The branch main has been updated by bdrewery:

URL: https://cgit.FreeBSD.org/ports/commit/?id=1896ee6874cd44b6c8d08feb40b4b8f445ae9184

commit 1896ee6874cd44b6c8d08feb40b4b8f445ae9184
Author:     Bryan Drewery <bdrewery@FreeBSD.org>
AuthorDate: 2025-02-19 16:01:52 +0000
Commit:     Bryan Drewery <bdrewery@FreeBSD.org>
CommitDate: 2025-02-19 16:01:52 +0000

    security/openssh-portable: Update to 9.9p2
    
    Changes: https://www.openssh.com/releasenotes.html
    Security:
      * Fix CVE-2025-26465 - ssh(1) in OpenSSH versions 6.8p1 to 9.9p1
        (inclusive) contained a logic error that allowed an on-path
        attacker (a.k.a MITM) to impersonate any server when the
        VerifyHostKeyDNS option is enabled.
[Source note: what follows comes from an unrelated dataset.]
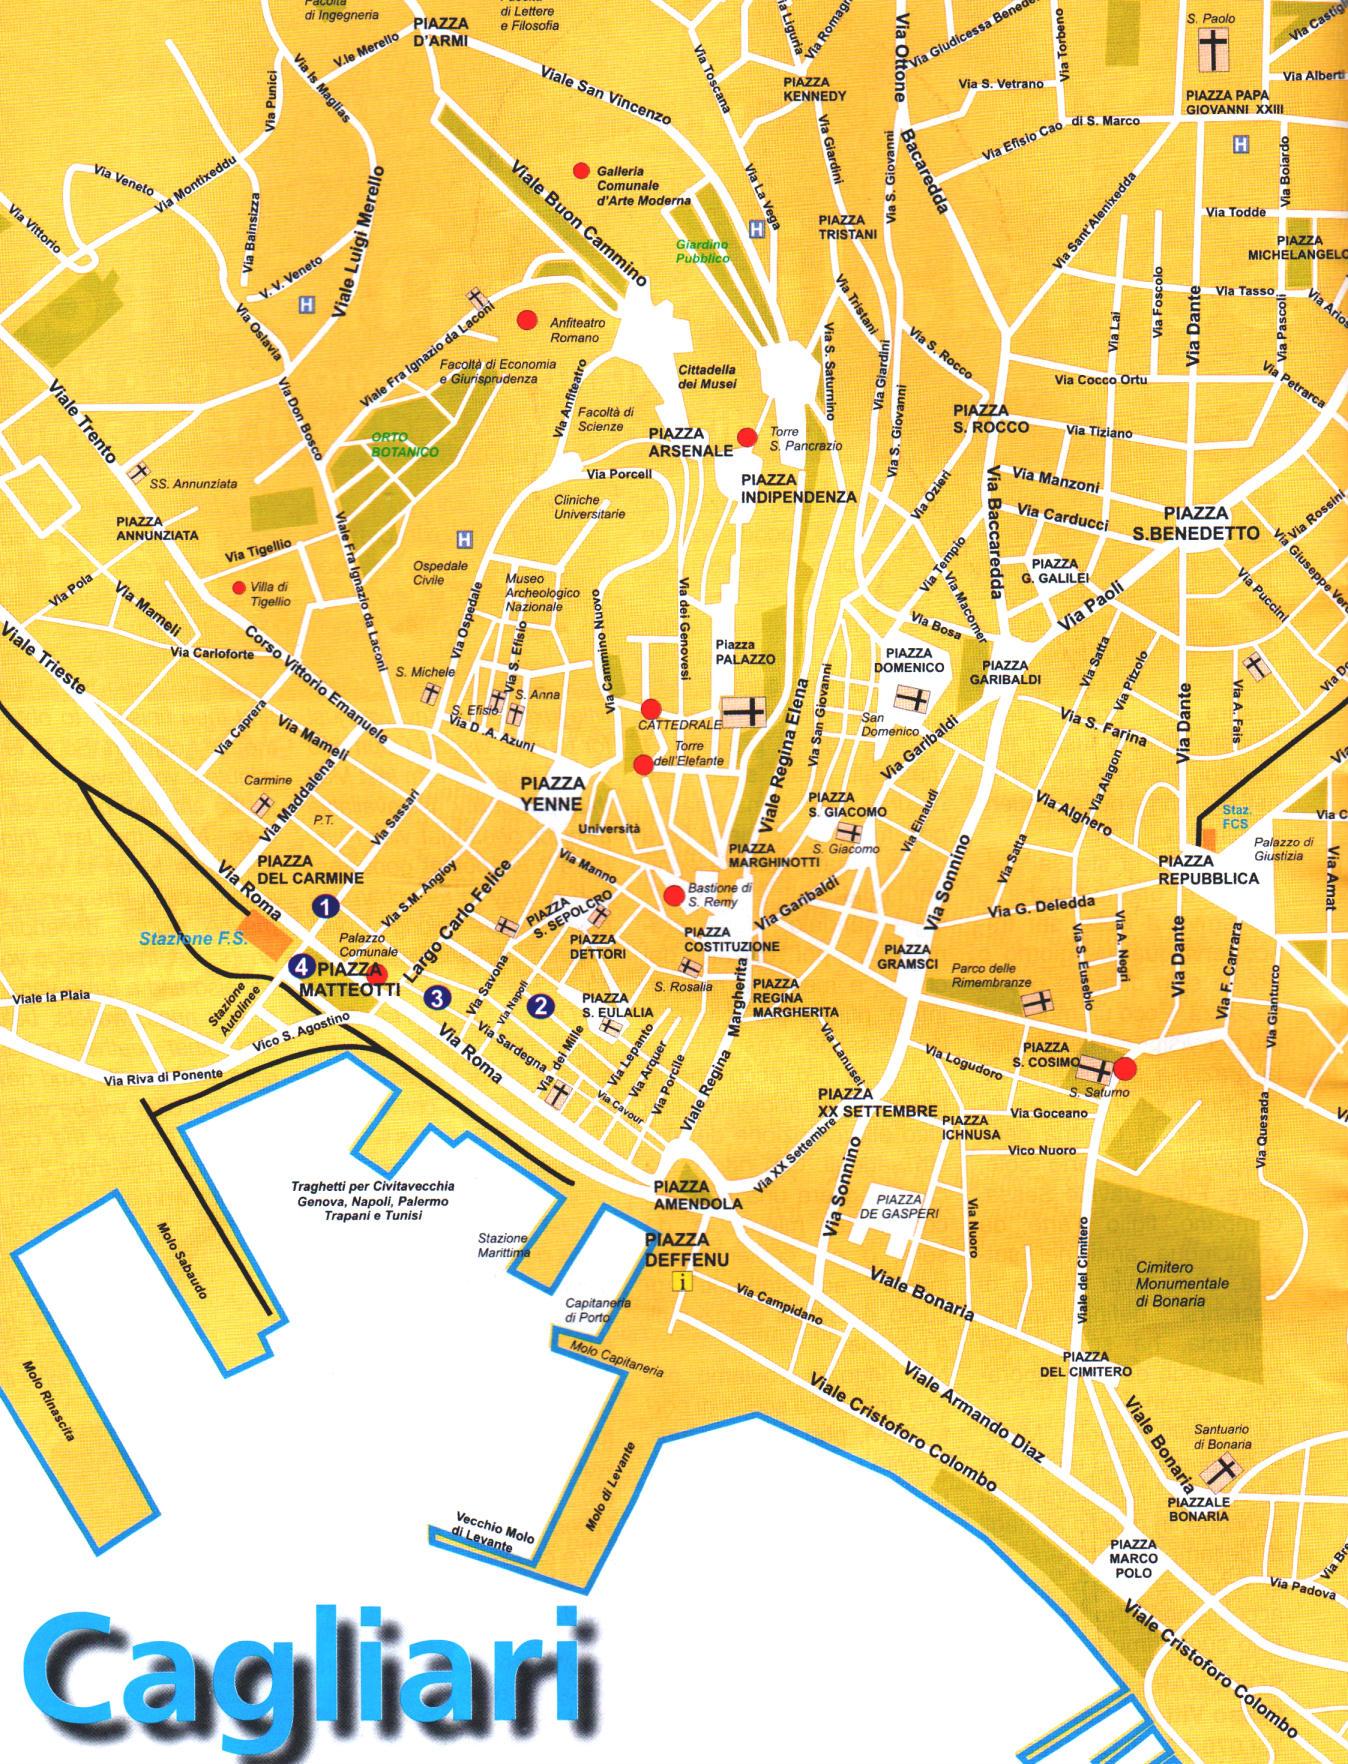 recensioni evasioni cagliari map - photo#5

This option is off by default.
    
      * Fix CVE-2025-26466 - sshd(8) in OpenSSH versions 9.5p1 to 9.9p1
        (inclusive) is vulnerable to a memory/CPU denial-of-service related
        to the handling of SSH2_MSG_PING packets. This condition may be
---
 security/openssh-portable/Makefile              | 6 +++---
 security/openssh-portable/distinfo              | 6 +++---
 security/openssh-portable/files/extra-patch-hpn | 6 +++---
 3 files changed, 9 insertions(+), 9 deletions(-)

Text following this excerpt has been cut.